Keep the pictures out, and restate the listing that follows exactly as written.
Start of EXERCISE DATA
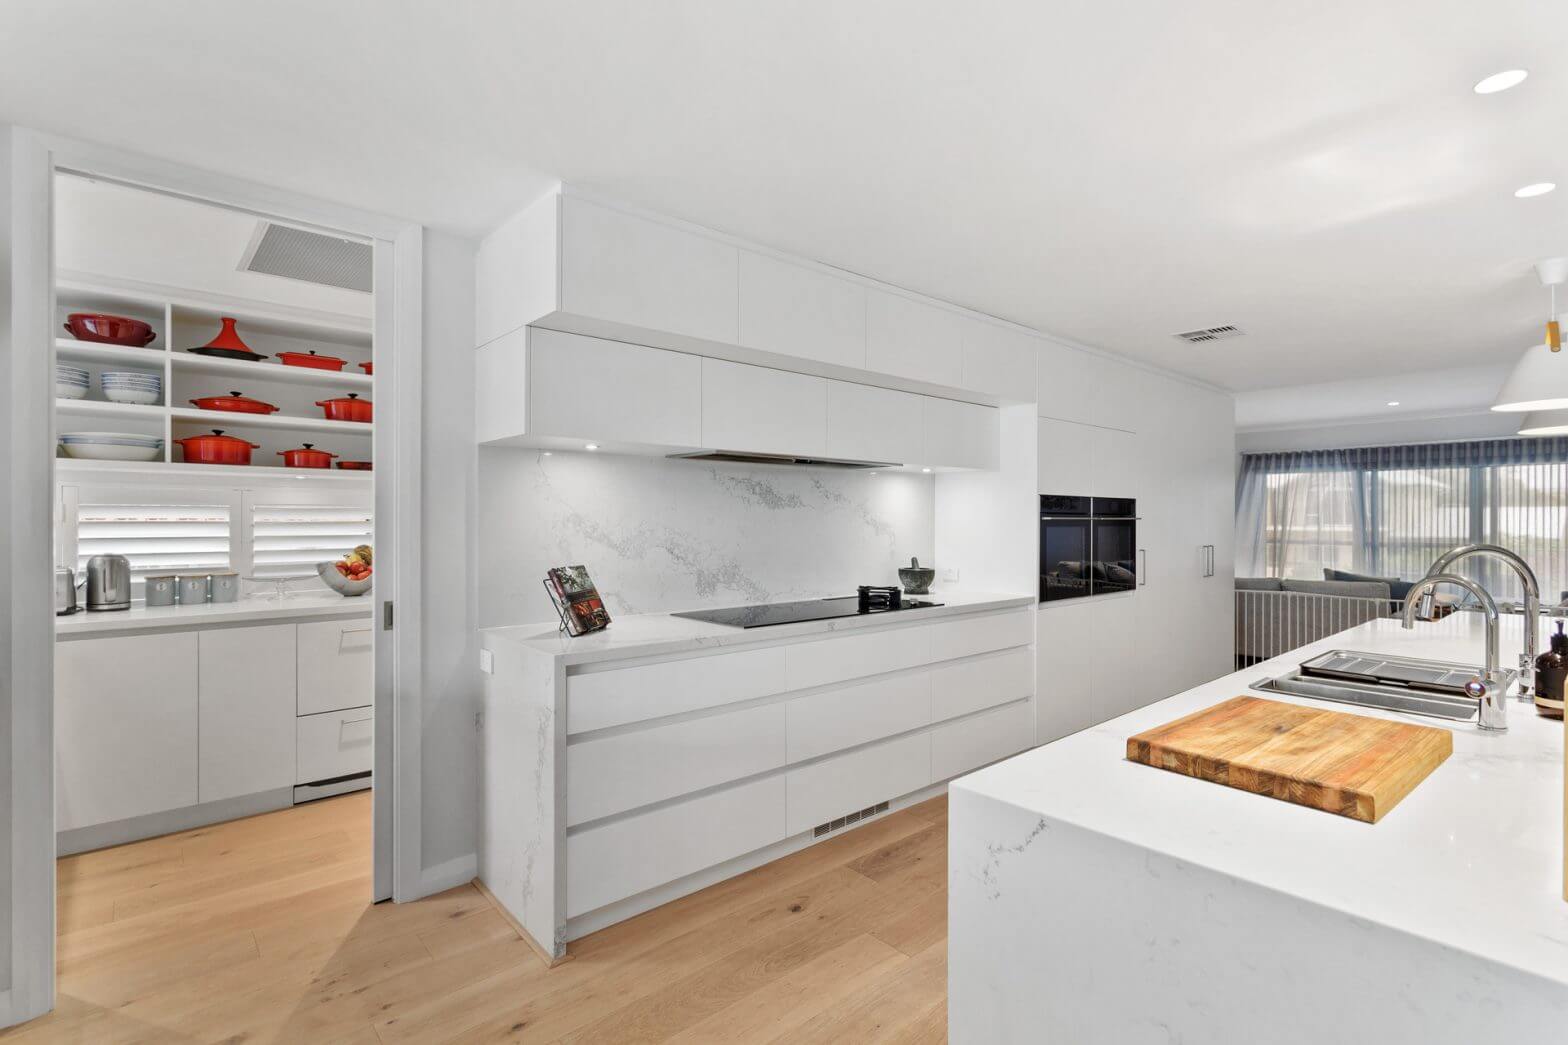 Kitchen Renovation Ideas – The White Edition
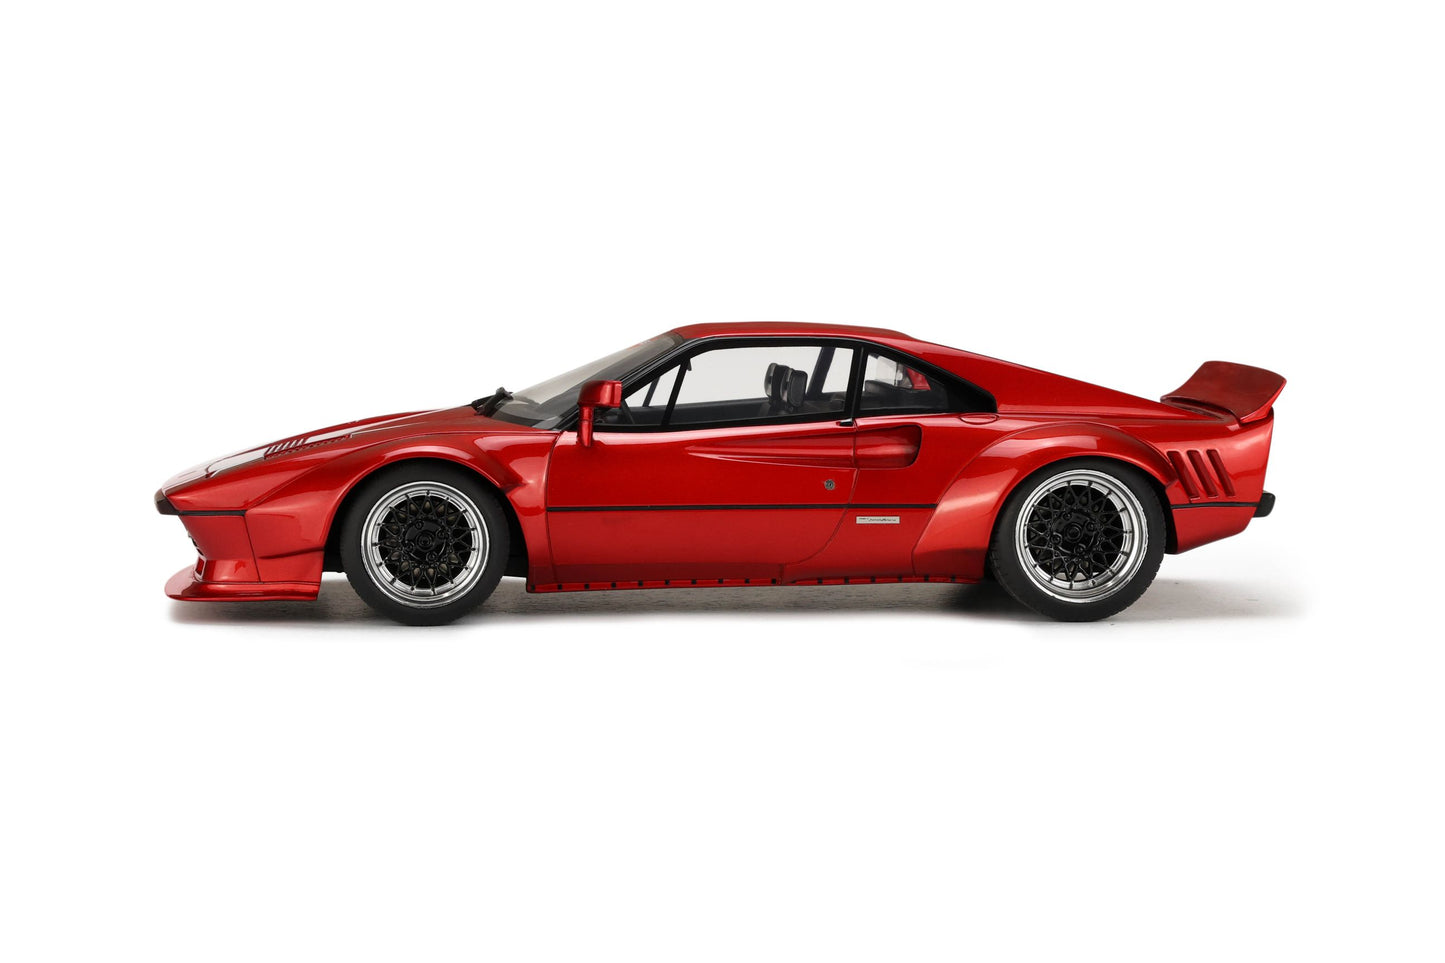 GT Spirit - Khyzyl Saleem Ferrari 288 GTO (Candy Red) 1:18 Scale Model Car
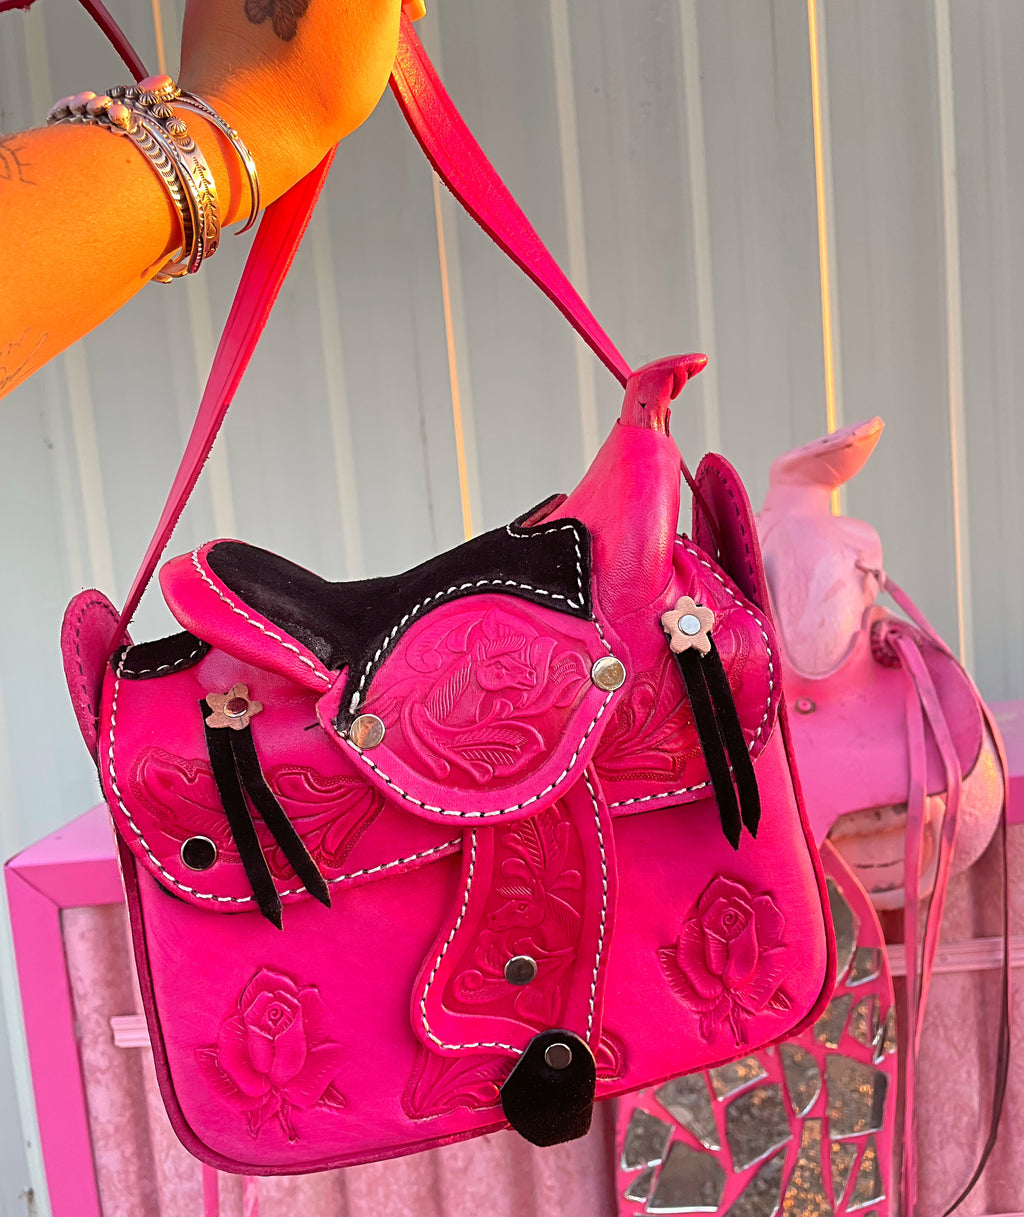 The PINK Saddle Bag
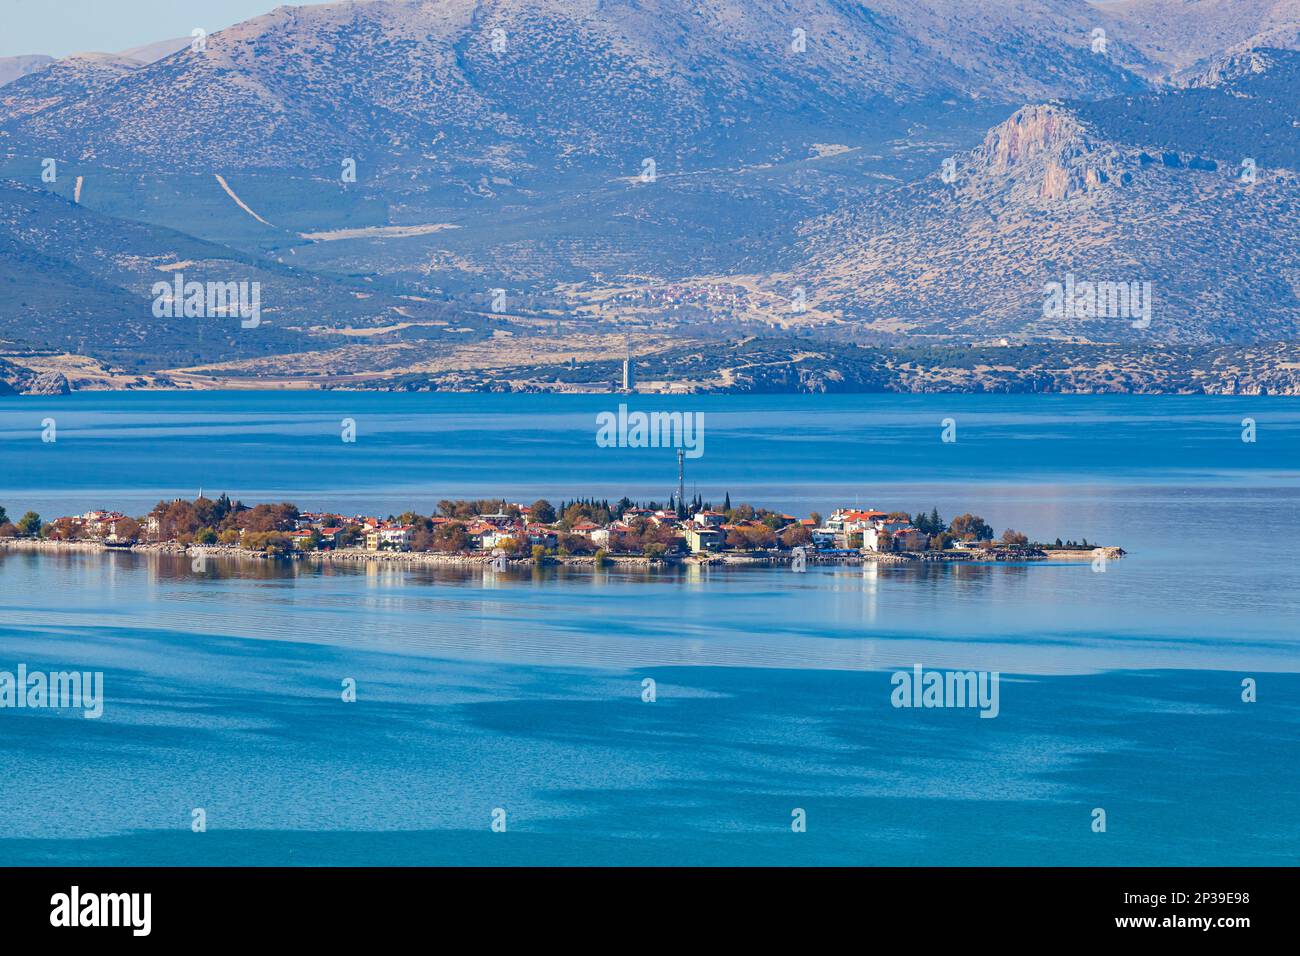 Luftaufnahme der historischen Stadt Egirdir im wunderschönen blauen See Egirdir mit hohem Berg im Hintergrund in der Provinz Isparta, Türkei. Stockfoto
End of EXERCISE DATA
■ **WRITTEN SOLUTION**:
 Kitchen Renovation Ideas – The White Edition
 GT Spirit - Khyzyl Saleem Ferrari 288 GTO (Candy Red) 1:18 Scale Model Car
 The PINK Saddle Bag
 Luftaufnahme der historischen Stadt Egirdir im wunderschönen blauen See Egirdir mit hohem Berg im Hintergrund in der Provinz Isparta, Türkei. Stockfoto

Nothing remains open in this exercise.